= Duo Guardabarranco =

Nicaraguan musical duo

Dúo Guardabarranco was a Nicaraguan duo consisting of siblings Katia Cardenal and Salvador Cardenal. The duo has been a significant worldwide ambassador for Nicaraguan and Latin-American folk music for the last three decades, and has gained a broad international audience with their poetic lyrics about hope, peace and justice, wrapped in their outstanding harmonies and melodies. They are named after the Nicaraguan national bird, the Turquoise-browed motmot, locally referred to as Guardabarranco.

== Biography ==

Katia and Salvador Cardenal began singing together in 1980 in Managua after the Sandinistas ended the dictatorship of Gen. Anastasio Somoza. The Duo joined the new government's Literacy Campaign, and with scores of other high-school students, traveled to teach reading to adults in rural areas of Nicaragua.

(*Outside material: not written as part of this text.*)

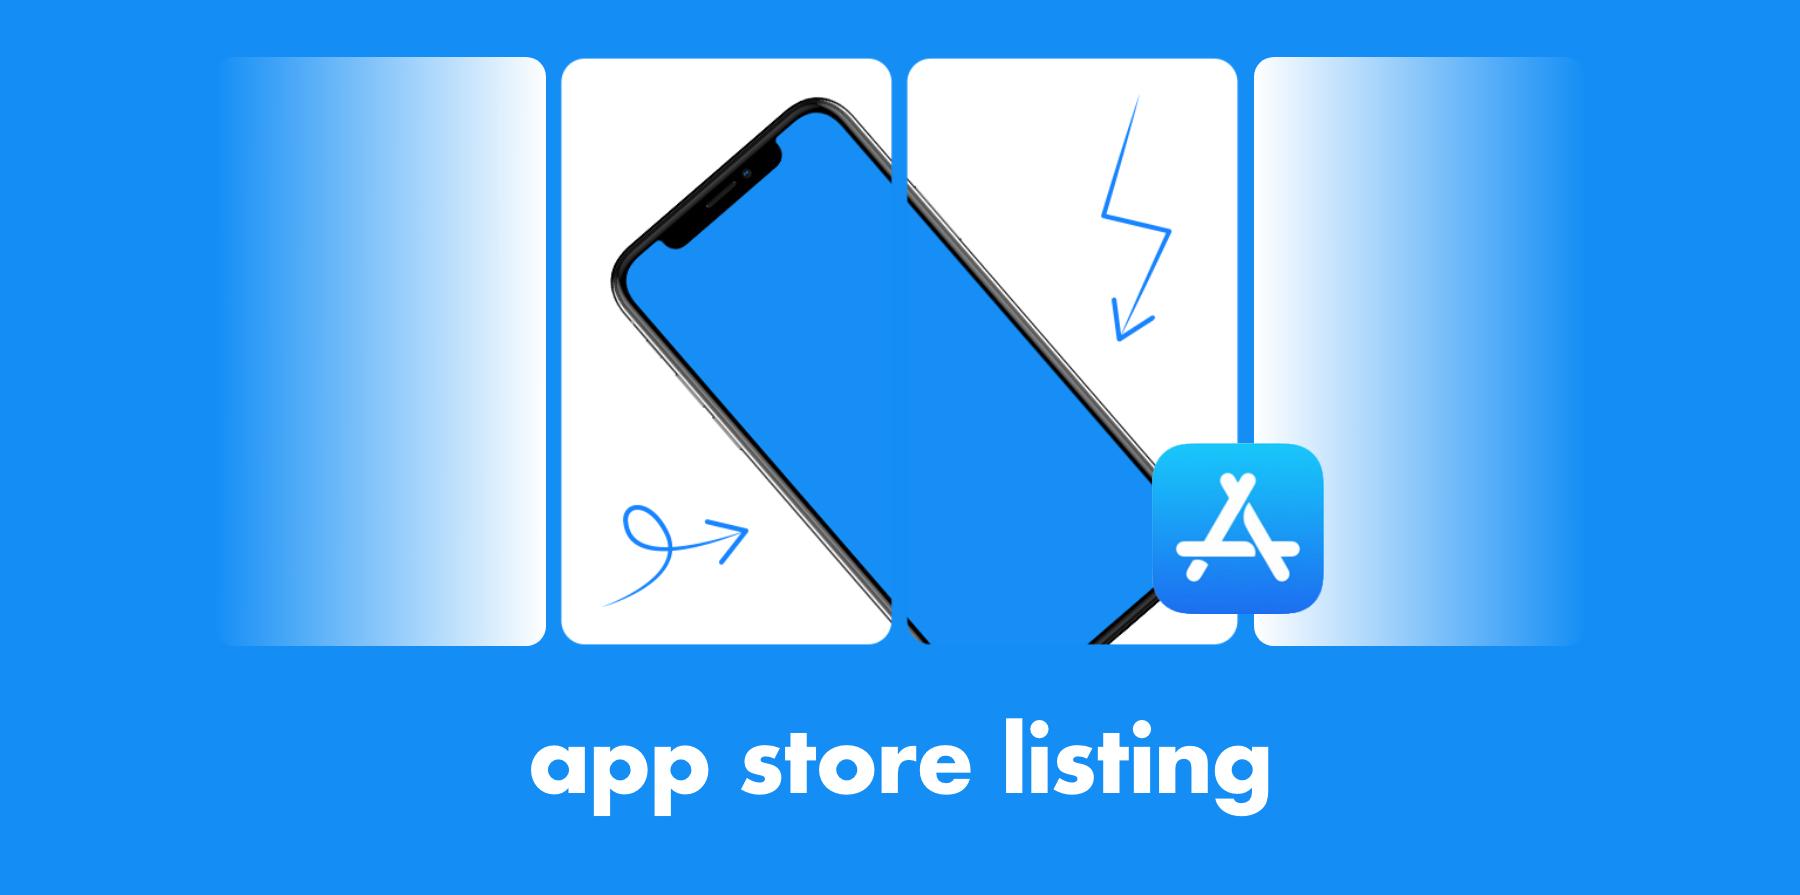 app store listing header image

In the early 1980s, a new musical movement was spreading through Central America, that of nueva canción (new song), a non-partisan, humanistic and often gentle trend toward folk music about social issues. Guardabarranco's style fit well into the category, although the siblings' compositions have eschewed specific issues of global politics in favor of personal truths and uplifting spirit. The duo's delicate tunes combine elements of traditional folk and pop music forms and address subjects such as hope, nature, respect, justice, love and introspection, without indulging in polemics.

Salvador's song "Guerrero del Amor" ("Warrior of Love", with lyrics by Costa Rican singer-songwriter Rosy Soley) served as the inspiration for the 1996 movie Carla's Song, directed by noted English filmmaker Ken Loach. "Guerrero del Amor" is a prime example of the duo's goal to communicate personal means through universal truths.

Together, the siblings have released such albums as Si Buscabas, Dias de Amar and Casa Abierta, toured the U.S. six times and performed with Silvio Rodríguez, Pete Seeger, Bruce Cockburn, Melissa Etheridge and benefactor Jackson Browne, among other musical luminaries.

On a global scale, they have played throughout Central and South America, as well as in Eastern Europe, Norway, Finland, Spain, Germany, Great Britain, North Korea, the former Soviet Union, Canada and the United States. The Duo placed second in the OTI International Song Festival 1990, with the song "Dame tu Corazón.”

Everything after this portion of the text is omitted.